WHAT THE TASK REQUIRES
Repeat the data exactly, leaving out any image.

GIVEN DATA
━━━━━━━━━━━━━━━━━━━━━━━━━━━━━━
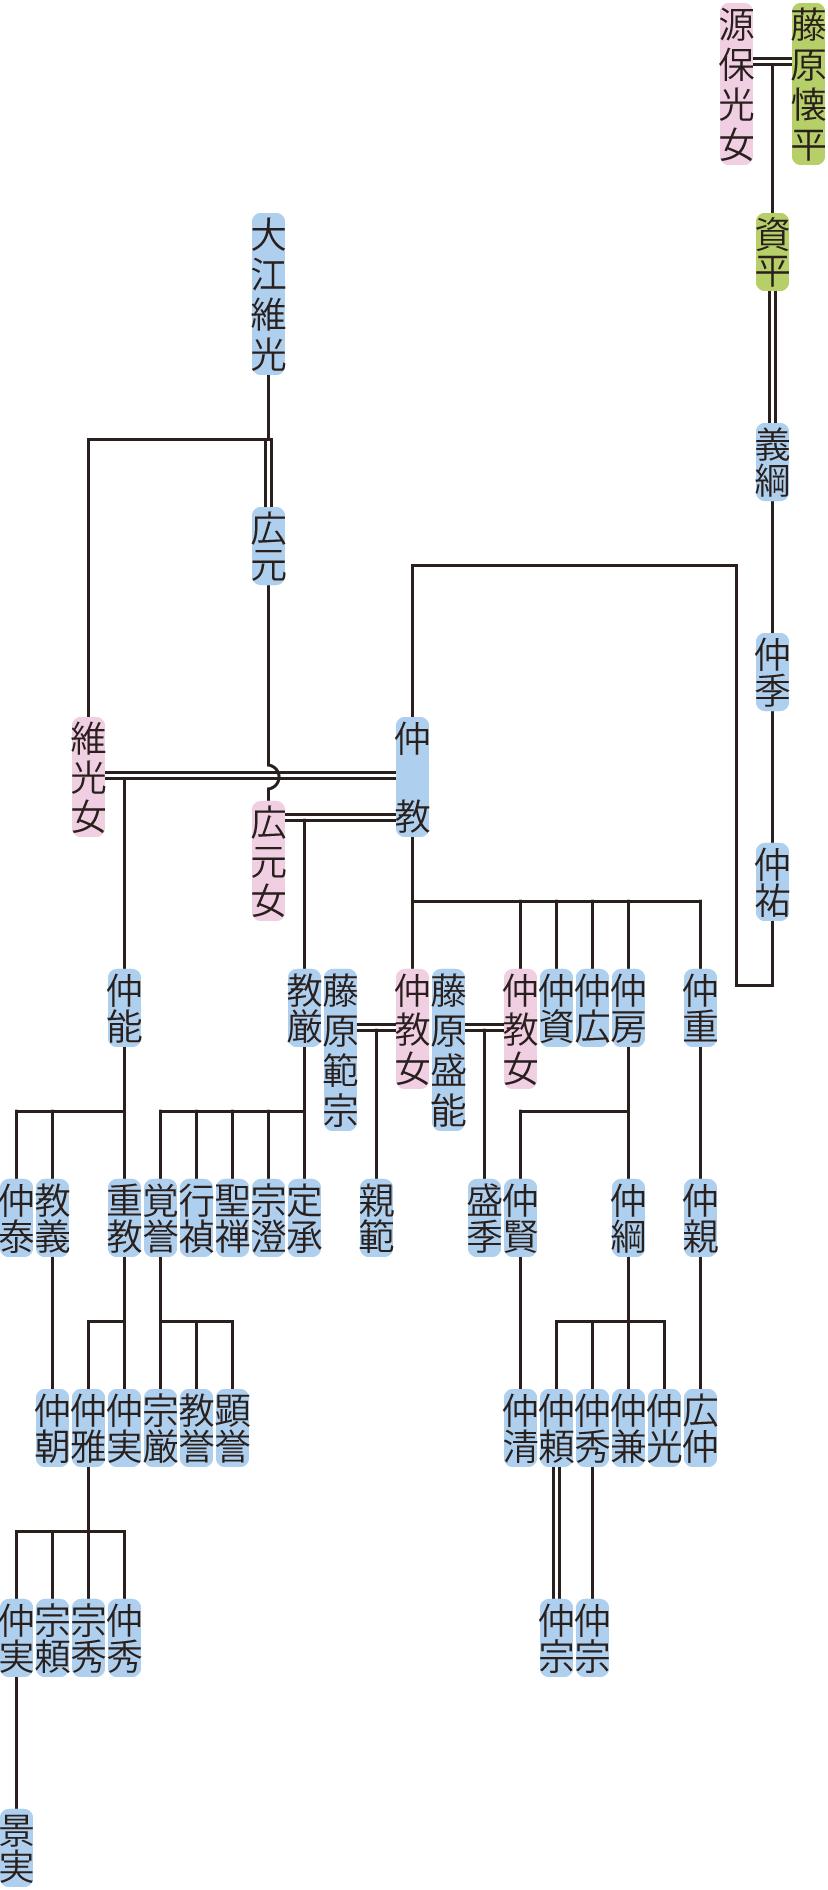 藤原義綱の系図
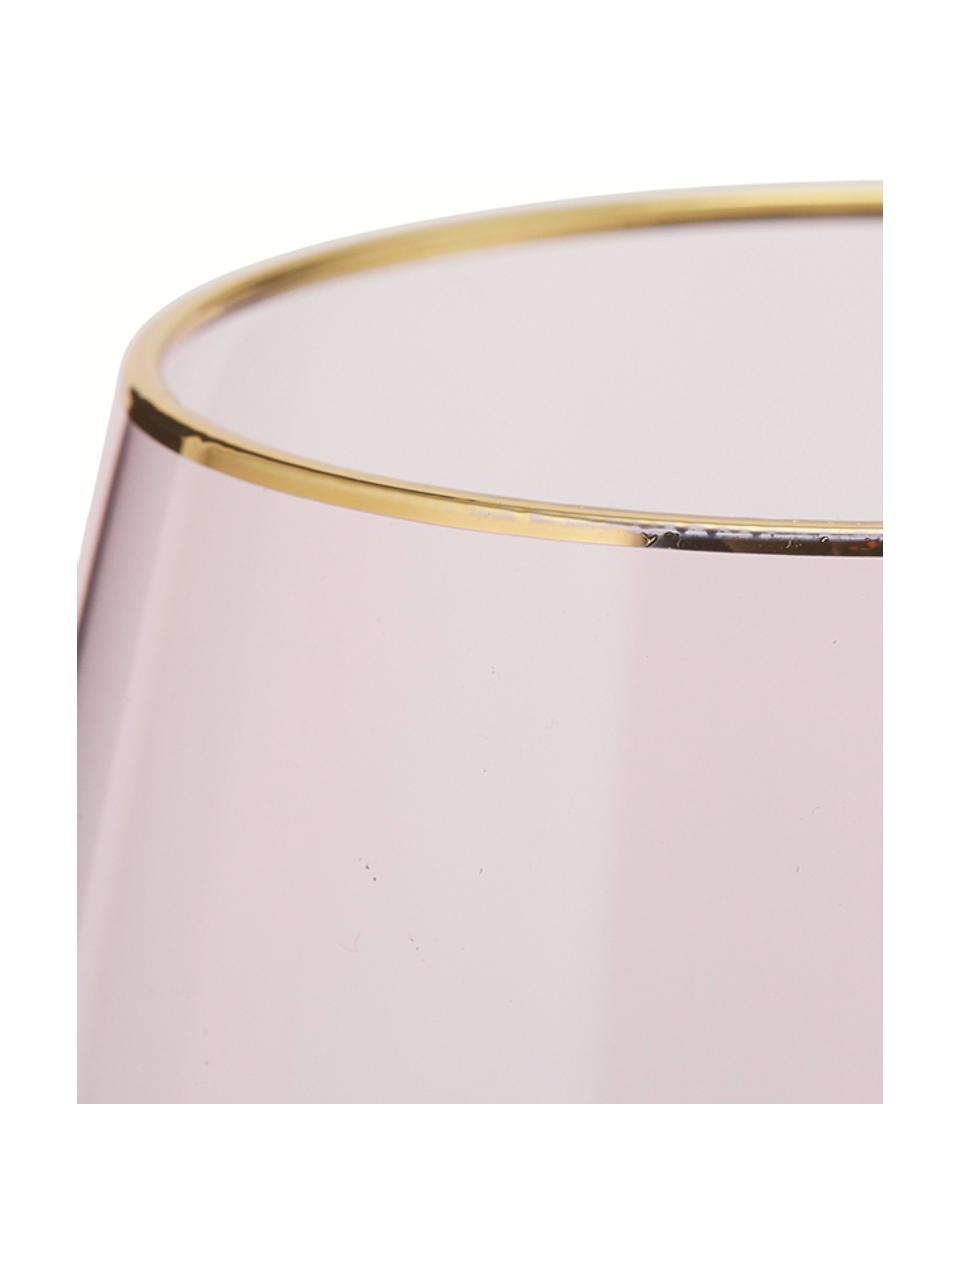 Wassergläser Chloe in Rosa mit Goldrand, 4 Stück, Glas, Pfirsichfarben, Goldfarben, Ø 9 x H 12 cm
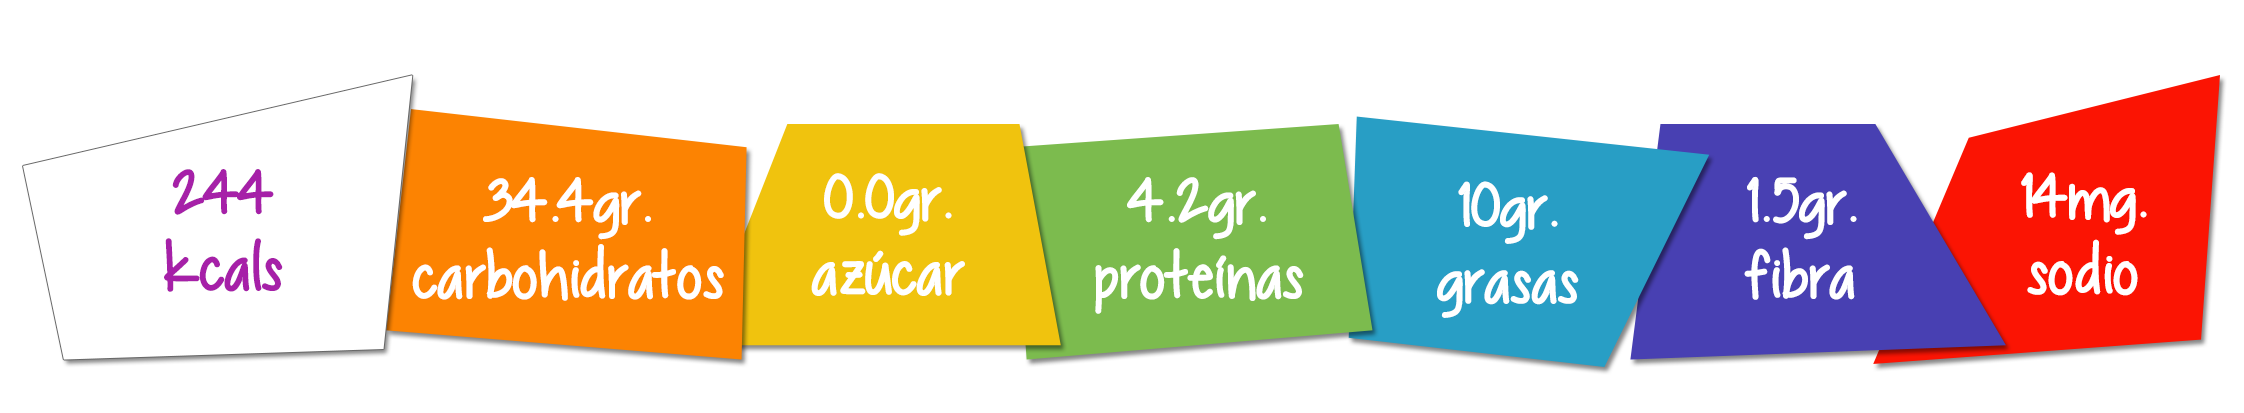 tabla_nutricional_barritas
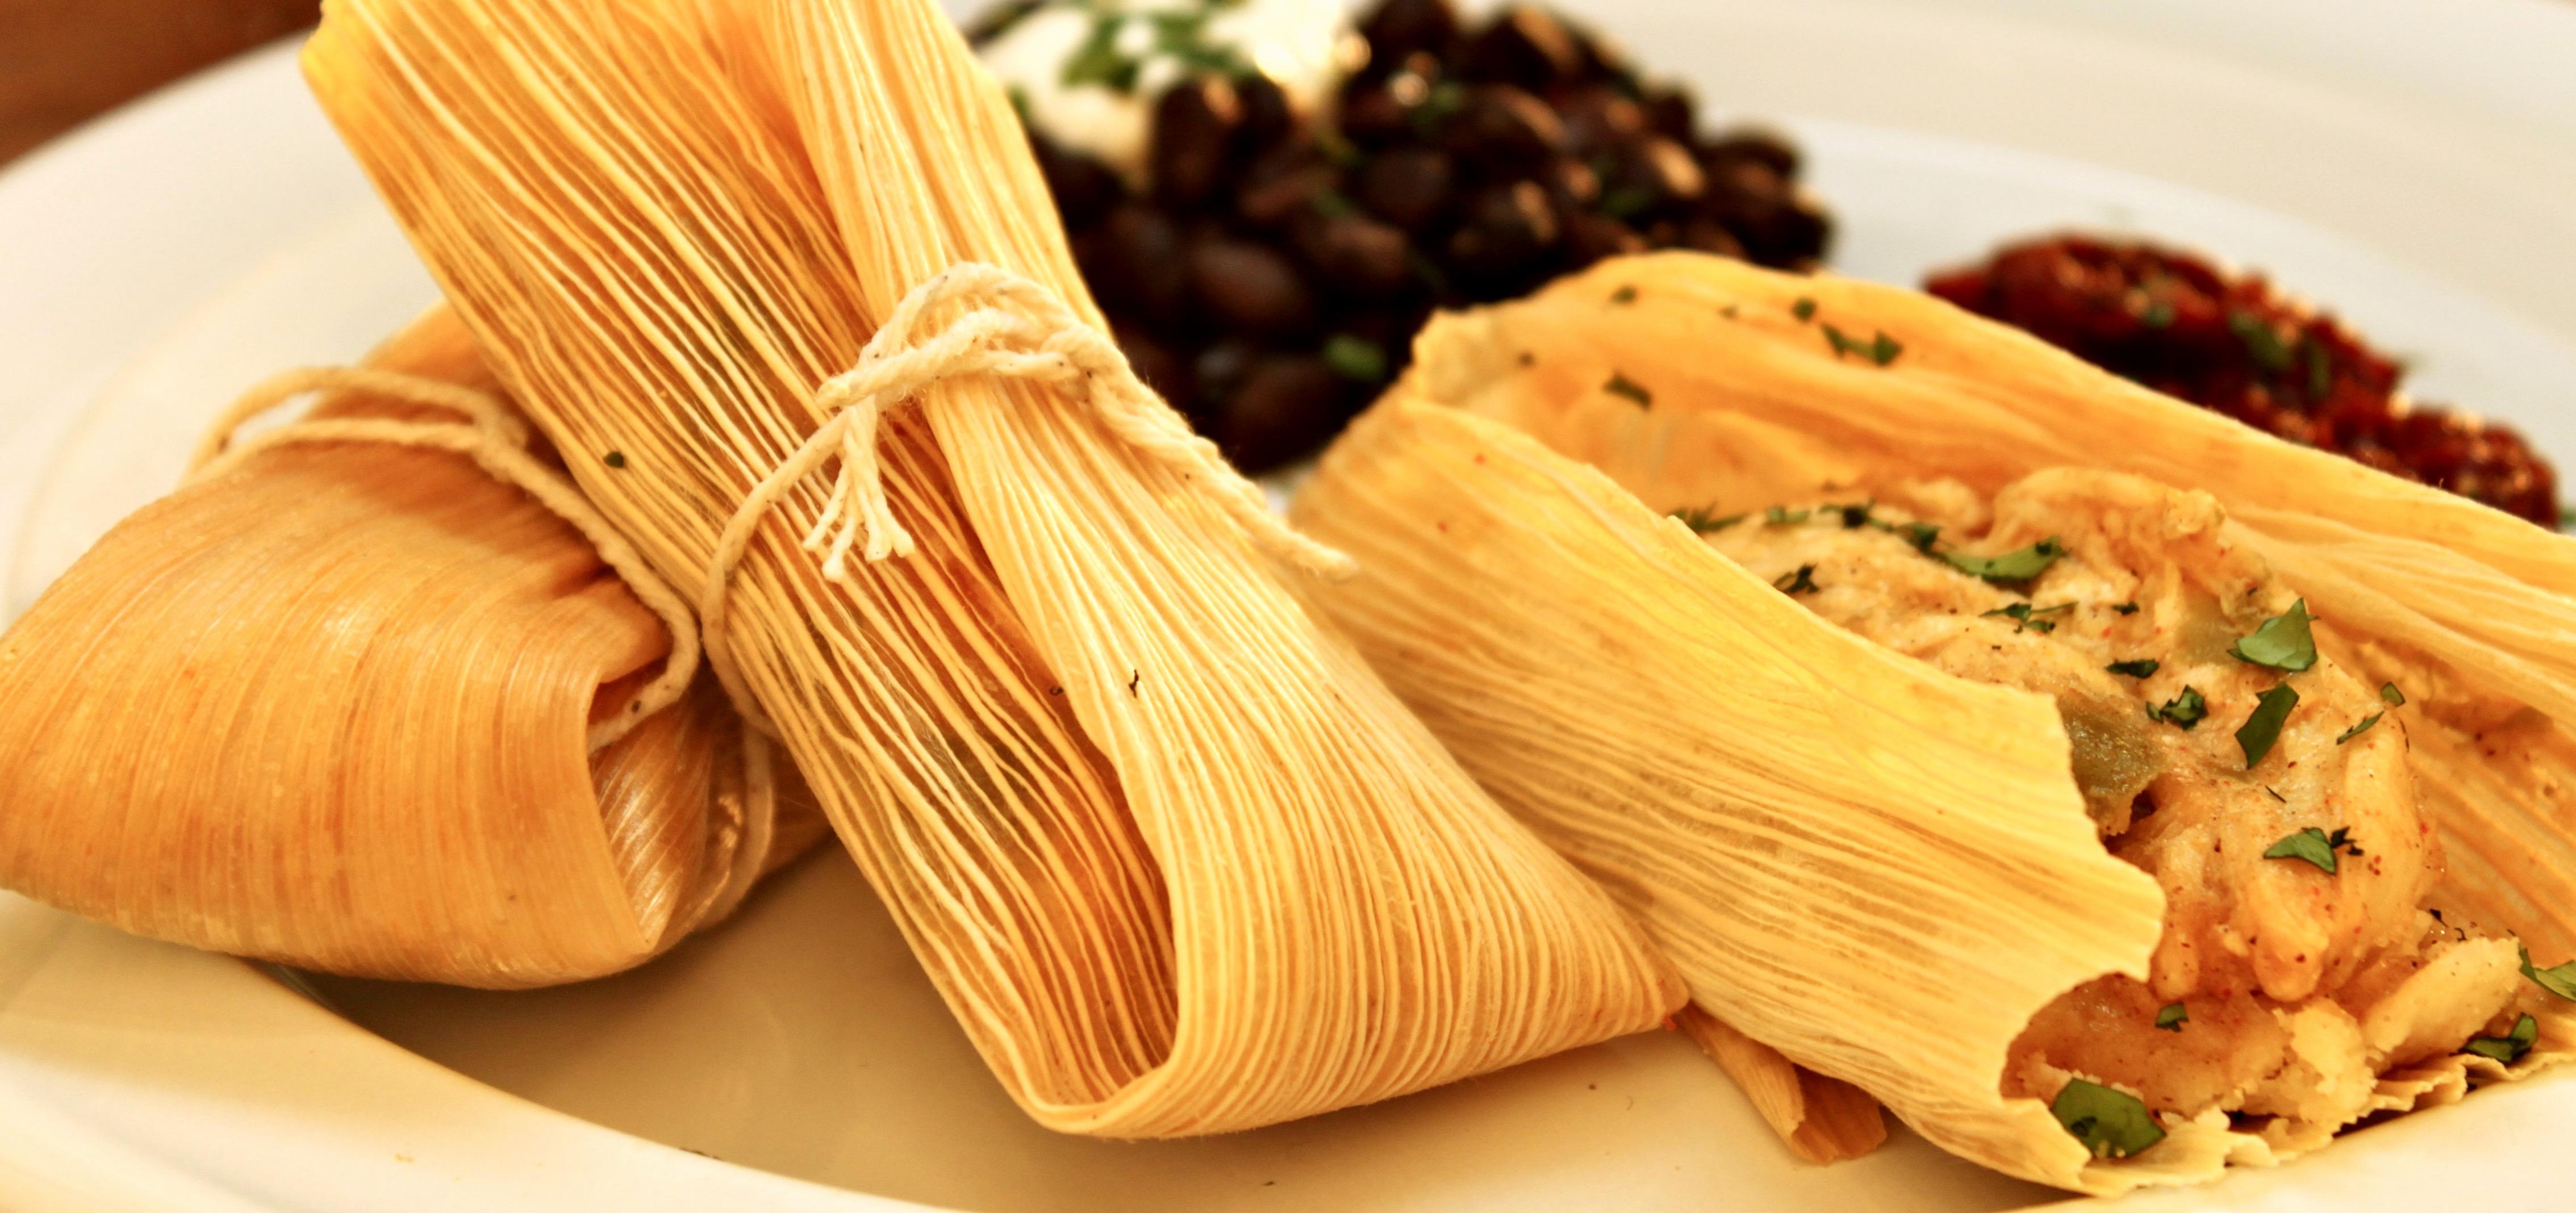 Тамалес в маисовых листьях, самое распространенное мексиканское блюдо
━━━━━━━━━━━━━━━━━━━━━━━━━━━━━━
TASK RESULT
 藤原義綱の系図
 Wassergläser Chloe in Rosa mit Goldrand, 4 Stück, Glas, Pfirsichfarben, Goldfarben, Ø 9 x H 12 cm
 tabla_nutricional_barritas
 Тамалес в маисовых листьях, самое распространенное мексиканское блюдо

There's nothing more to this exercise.